## Provided material
:::
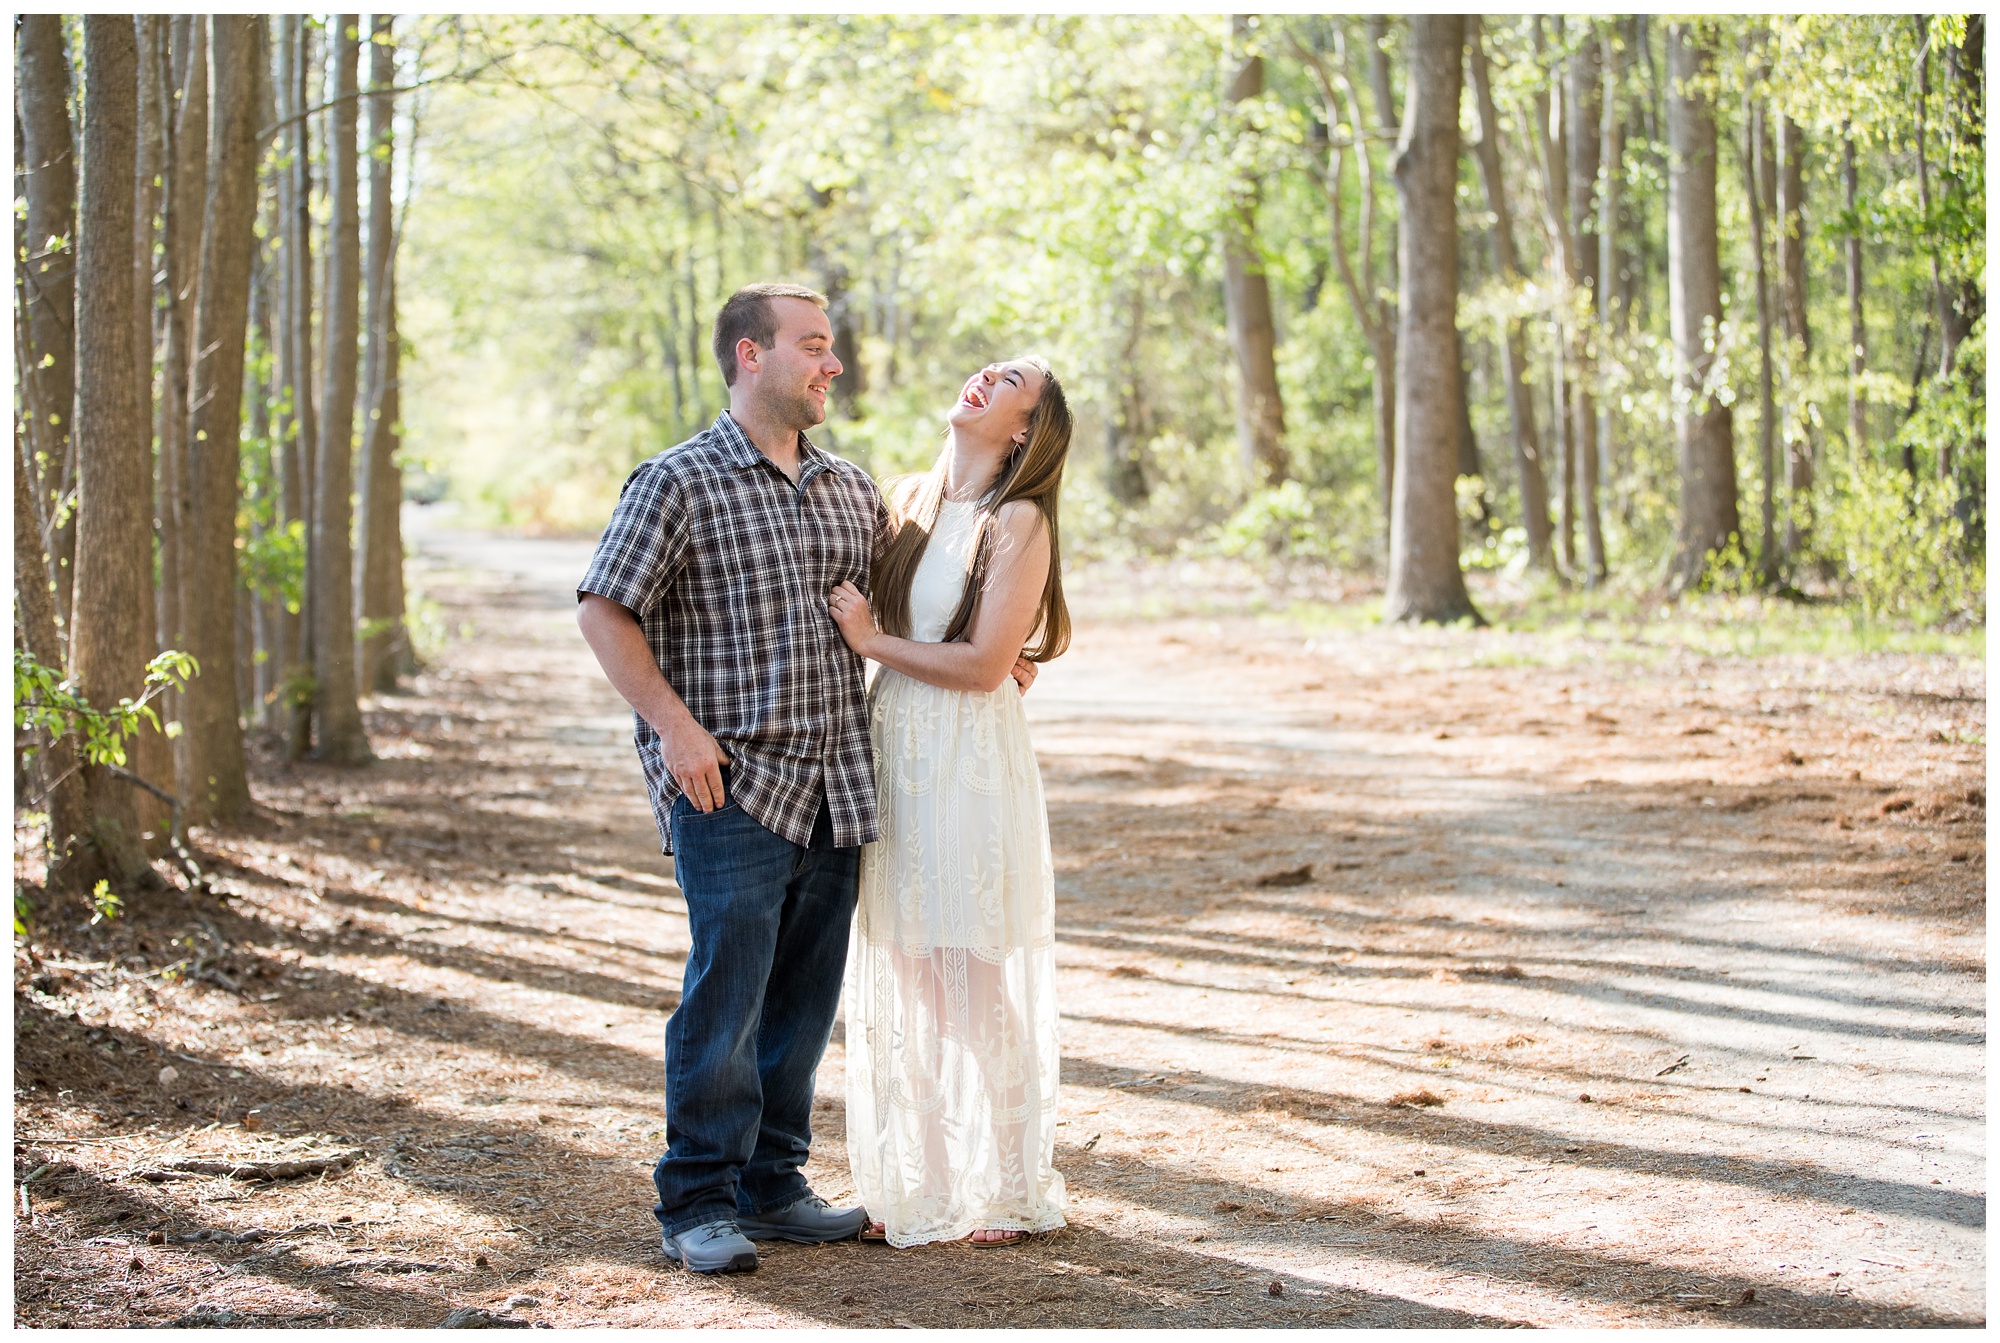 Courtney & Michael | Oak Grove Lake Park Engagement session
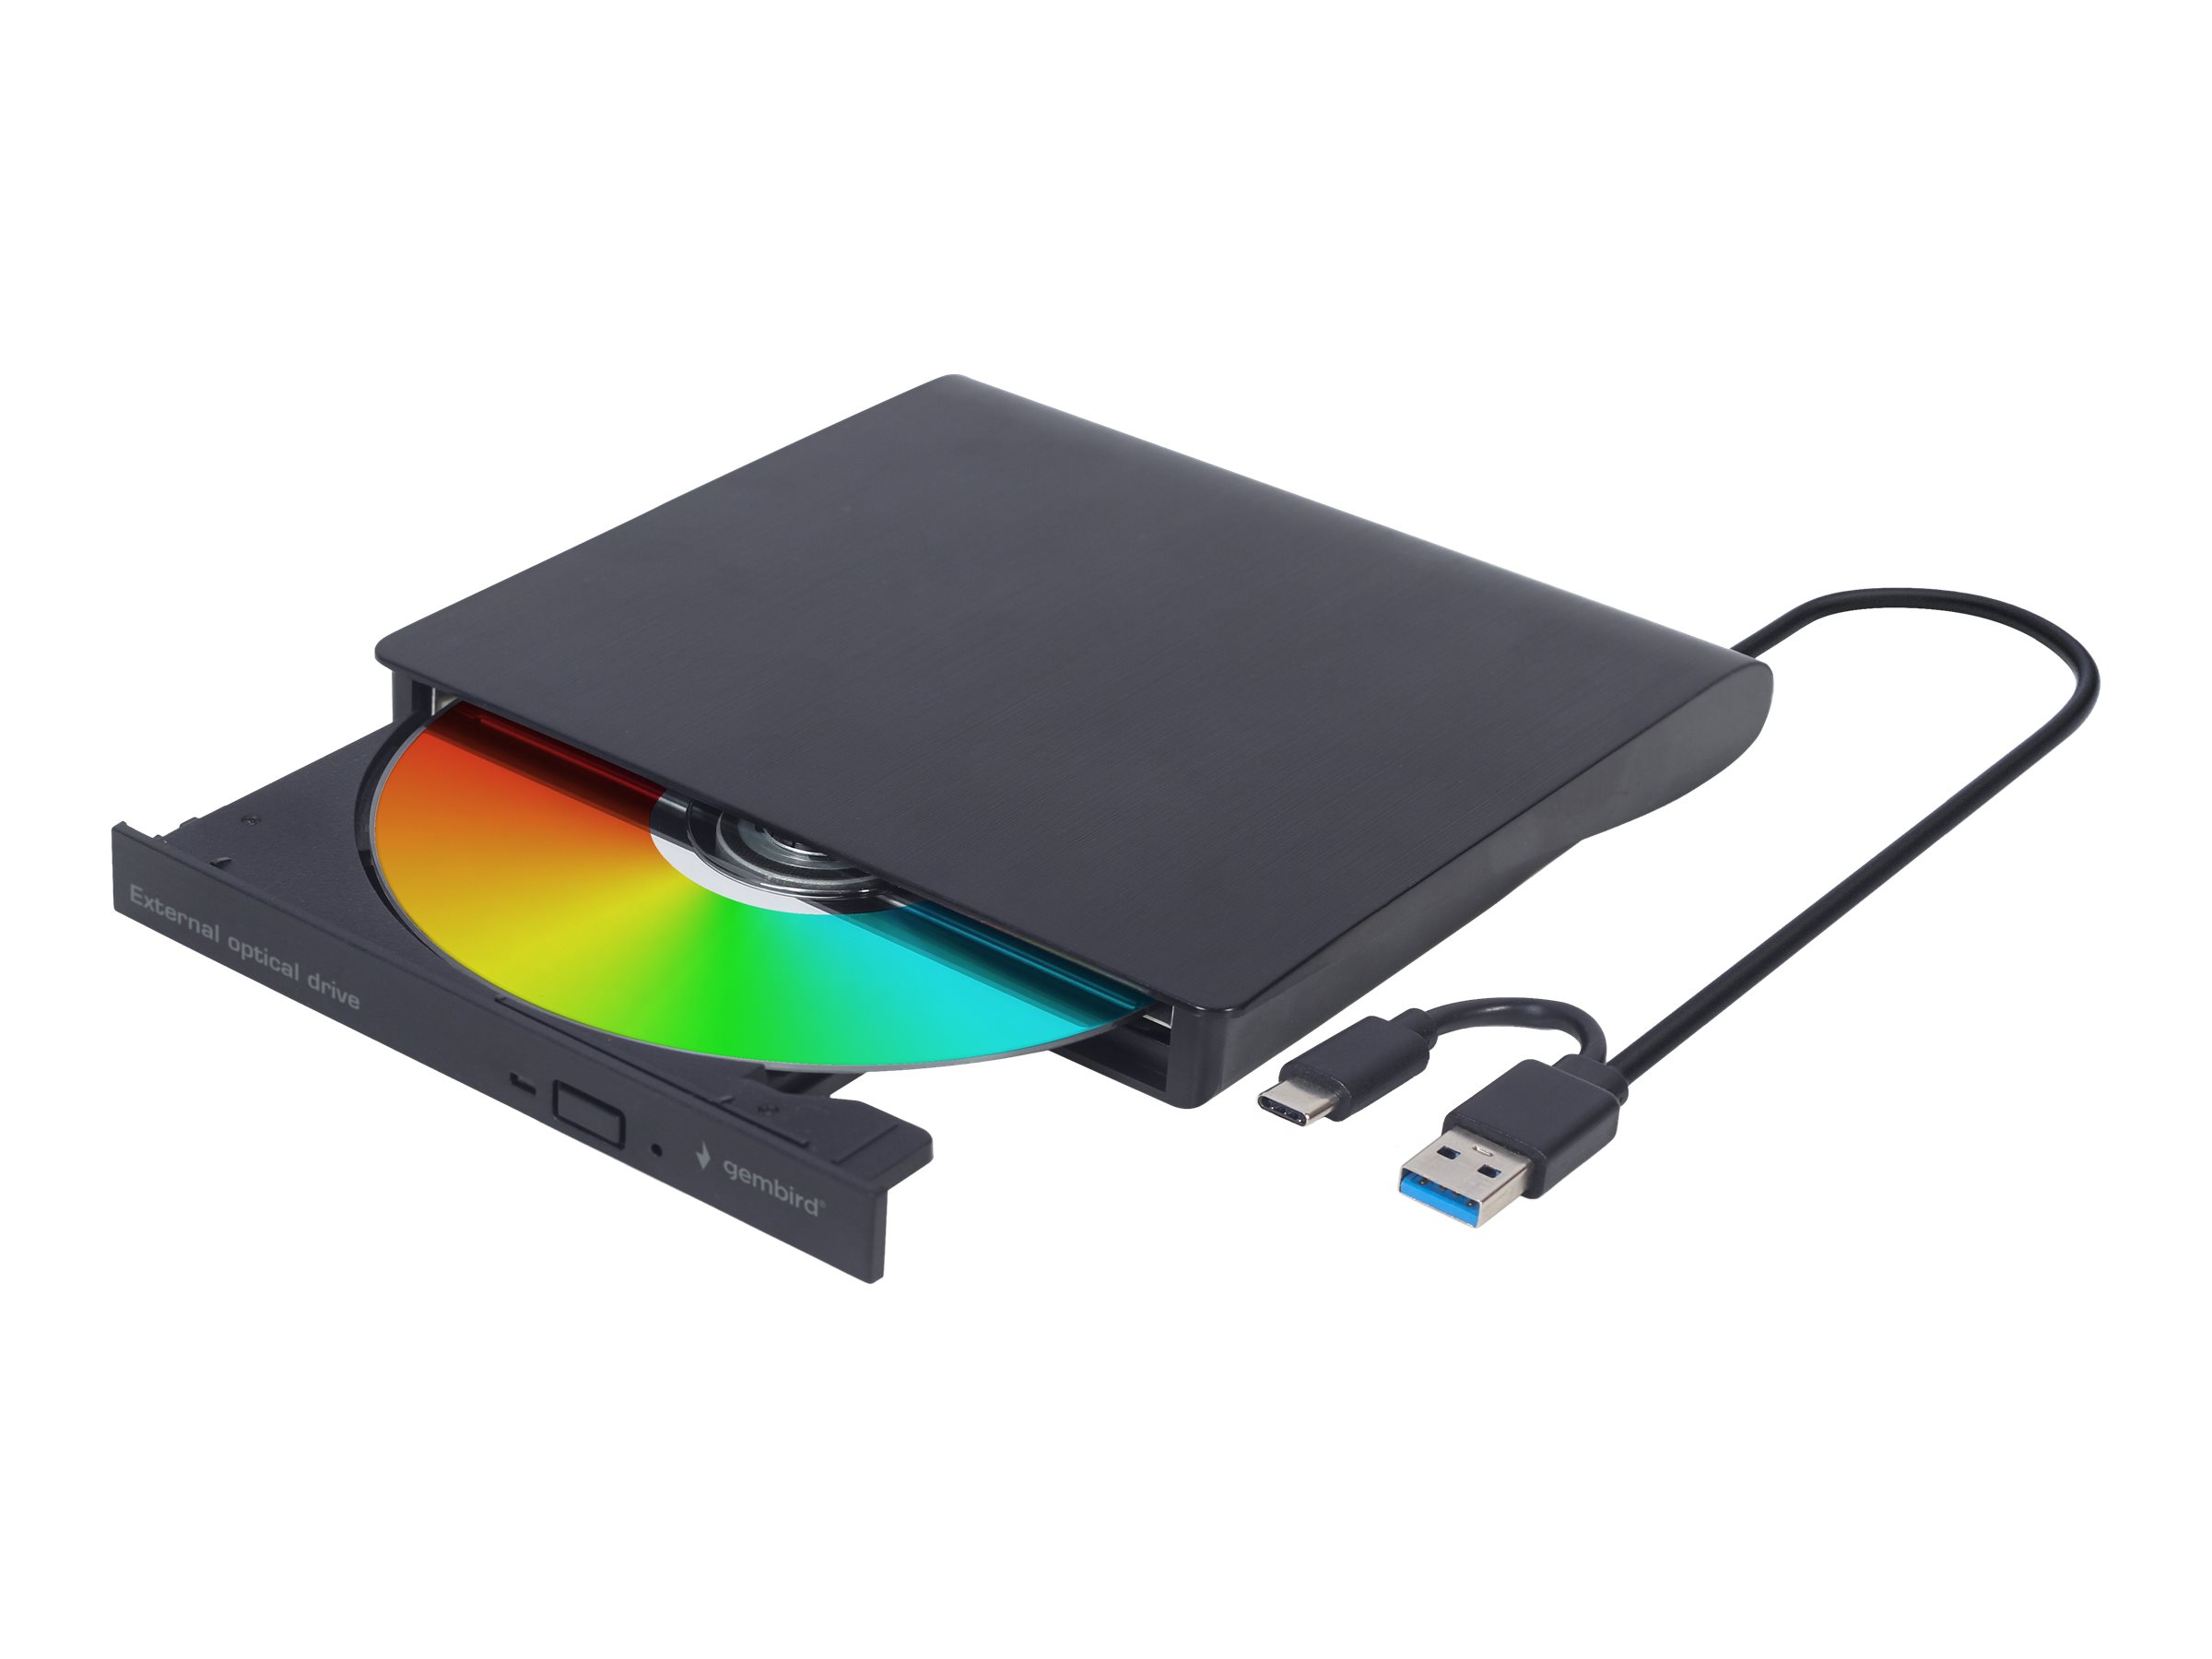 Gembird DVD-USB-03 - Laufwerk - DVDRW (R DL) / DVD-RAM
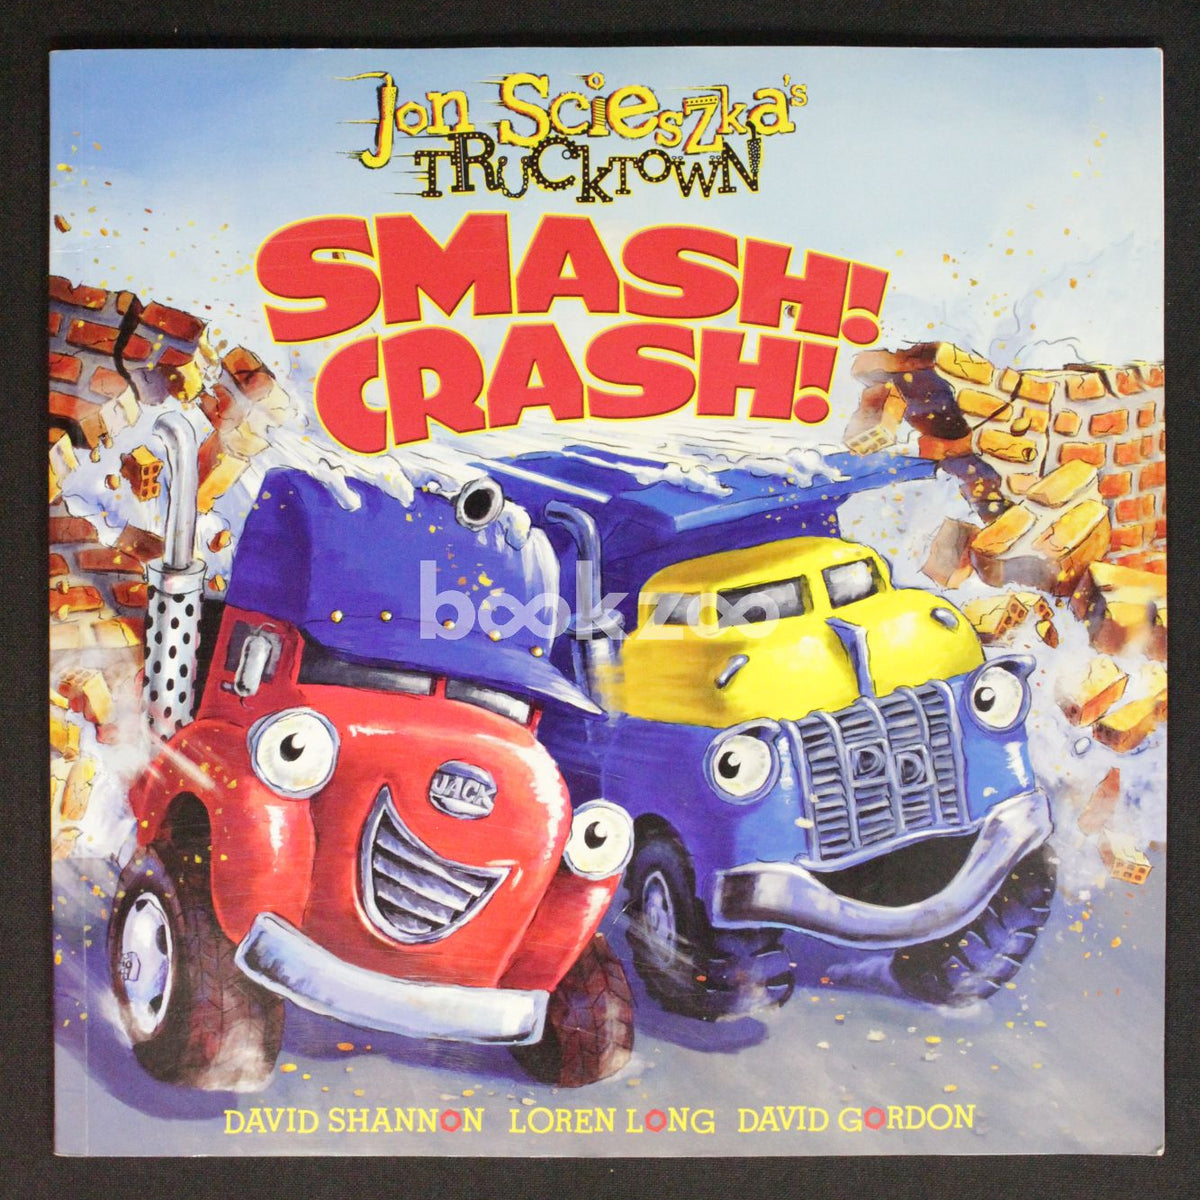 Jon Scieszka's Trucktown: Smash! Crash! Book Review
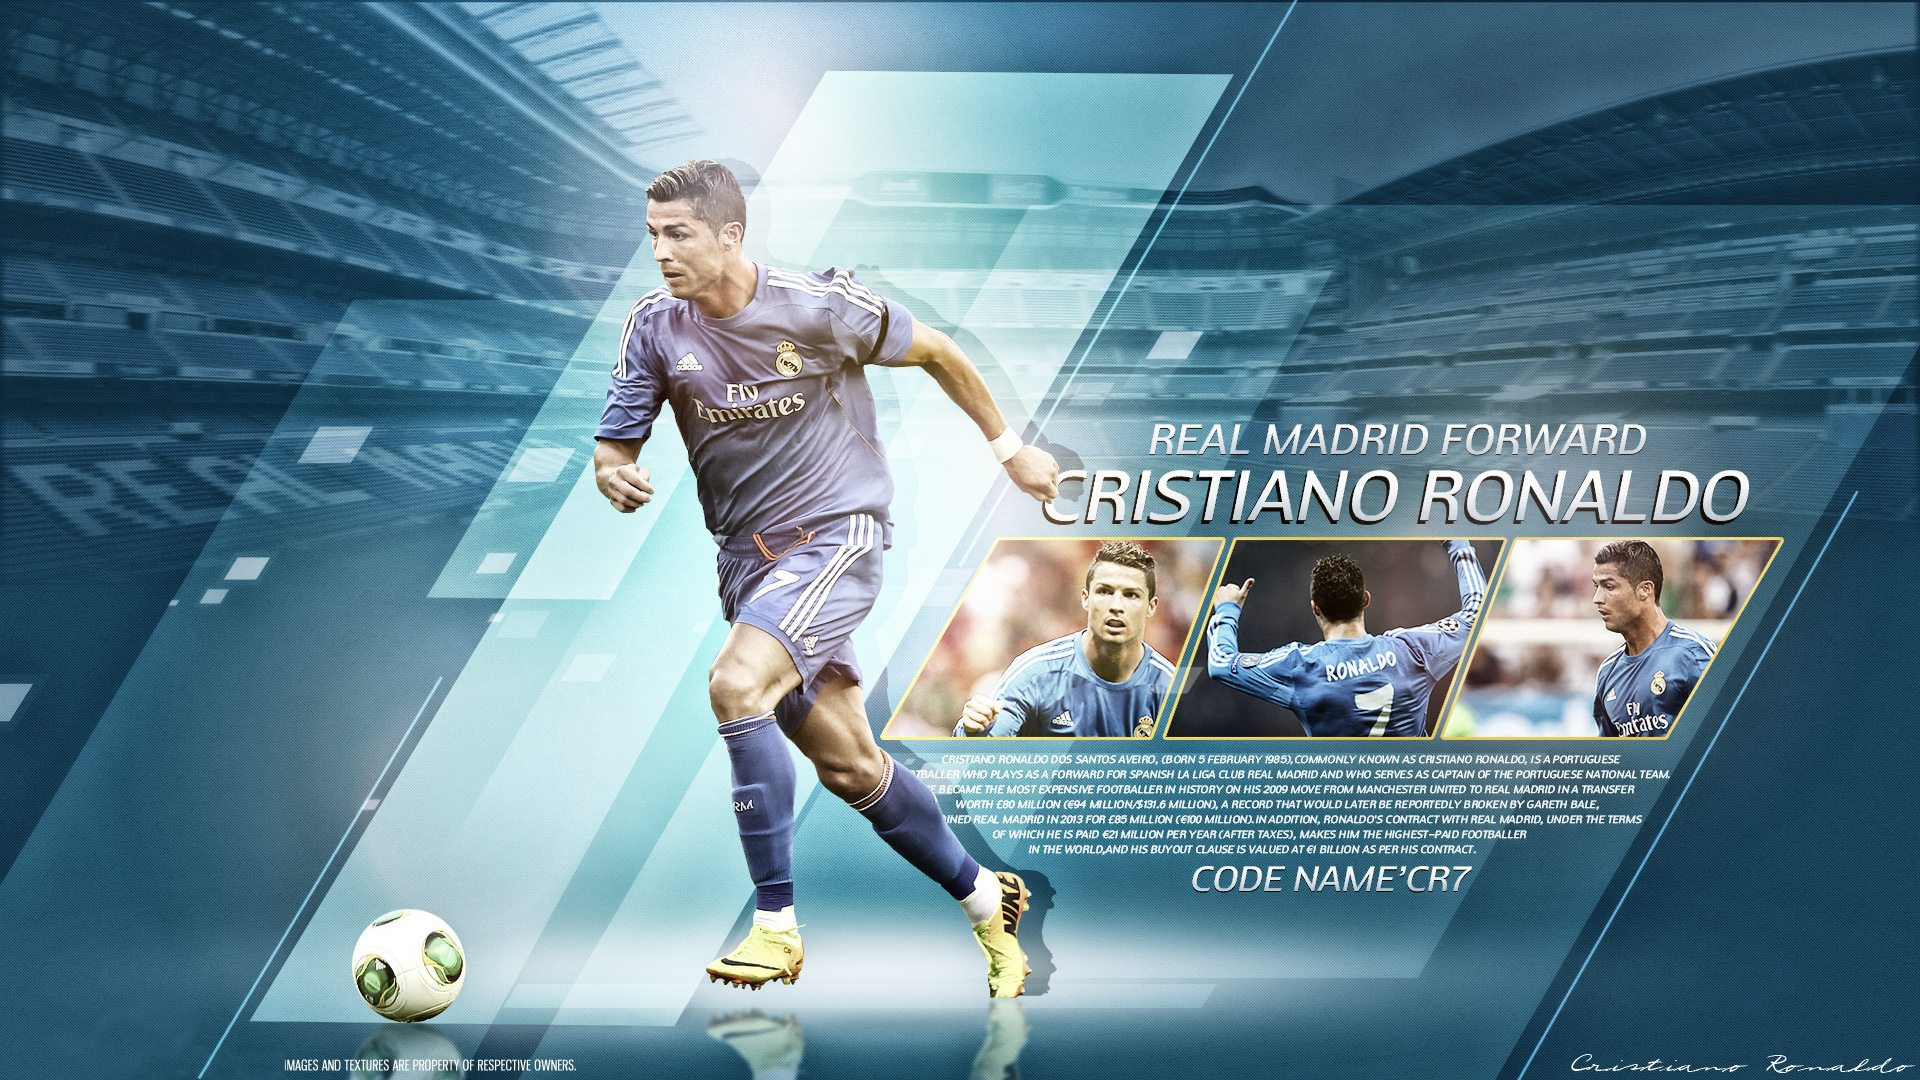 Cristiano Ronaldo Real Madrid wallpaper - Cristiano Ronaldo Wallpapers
:::
## Exercise details
Could you give the listing above again word for word, without any pictures?

## Written response
 Courtney & Michael | Oak Grove Lake Park Engagement session
 Gembird DVD-USB-03 - Laufwerk - DVDRW (R DL) / DVD-RAM
 Jon Scieszka's Trucktown: Smash! Crash! Book Review
 Cristiano Ronaldo Real Madrid wallpaper - Cristiano Ronaldo Wallpapers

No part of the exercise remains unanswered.